Article
Extended Data Fig. 9 | Improved growth of Cra-knockout E. coli, and
trade-offs for other microbes. a, Growth rates of the Cra knockout (Δcra) on
glycolytic carbon sources: growth rates on the slow glycolytic sources
(fructose and mannose) are markedly improved compared with the wild type
(WT). The Cra knockout expresses very low levels of most gluconeogenic
enzymes, and glycolytic enzymes are derepressed; hence it cannot grow on
most gluconeogenic carbon sources. b–d, Growth–adaptation tradeoff in
wild-type yeast and B. subtilis. We grew two different wild-type yeast strains
(YPS163 and YPS128) and a B. subtilis strain at different preshift growth rates
(λpre) on different media, before shifting them to acetate (b, c) and fumarate (d)
minimal media. After the shift, culture density (OD 600 ) was monitored as a
function of time. Data points indicate means; error bars show standard
deviations from three biological replicates. The lag time of the growth curves
increases with increasing preshift growth, suggesting a trade-off similar to that
characterized for E. coli (Fig. 1 ). e, Growth comparison for E. coli and B.
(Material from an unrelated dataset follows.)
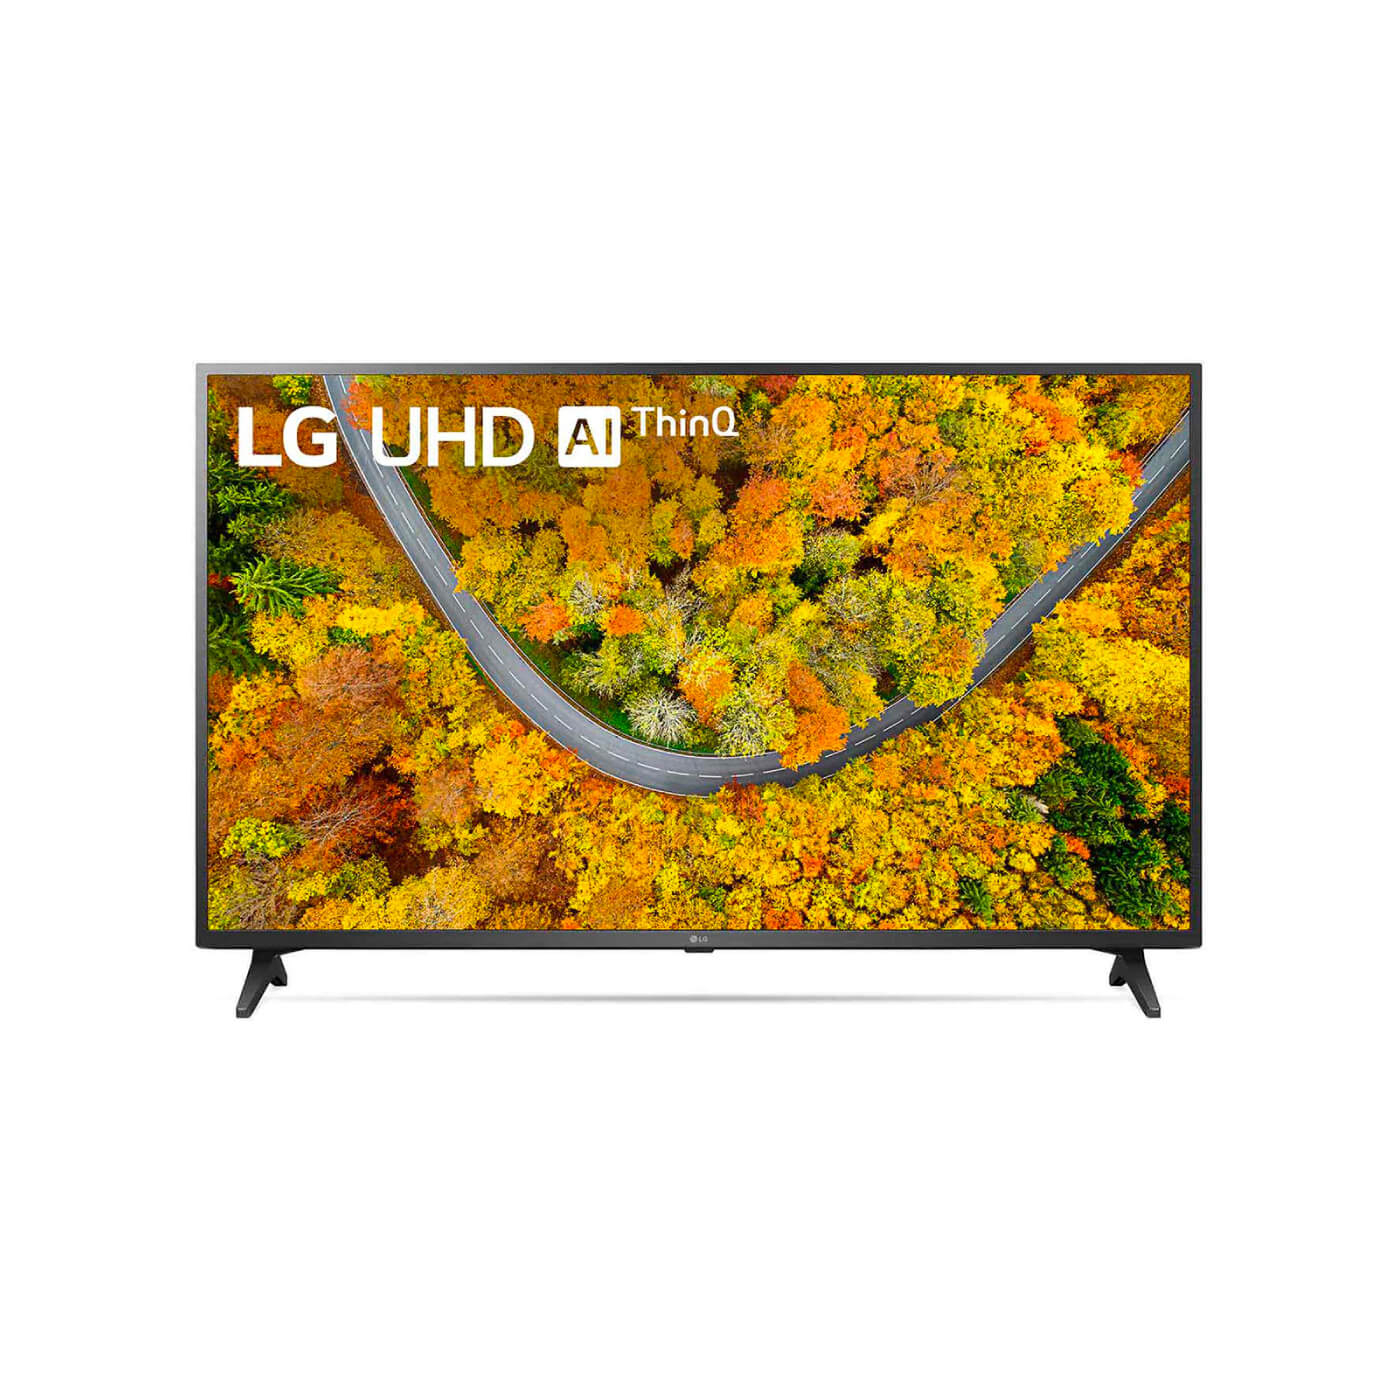  LG 50UK6300BUB 50 pulgadas 50 pulgadas 50 pulgadas 4K HDR Smart  LED 2160P Ultra HD UHD TV TruMotion 120 con AI ThinQ : Electrónica

thetaiotaomicron, an obligatory anaerobe. The growth rate of E. coli NCM3722
on a number of common carbon substrates from the ‘top’ of central carbon
metabolism (glycolysis and pentosephosphate pathways) exhibit a range of
values, from 0.9 h−1 down to 0.5 h−1 (black bars). The growth rates of B.
thetaiotaomicron (B. theta) on the same substrates in anaerobic conditions (red
bars) are all within 10% of each other. For comparison, we also show the growth
rates of NCM3722 on the same substrates in anaerobic conditions (blue bars).
These show a similar pattern of variation as the aerobic growth rates, with the
fast ones comparable to that of B. thetaiotaomicron (roughly 0.6 h−1) and the
slow ones about one-fifth of the fast ones. Saturating amounts of substrates
(15 mM) were used, except in the case of E. coli on mannose (40 mM).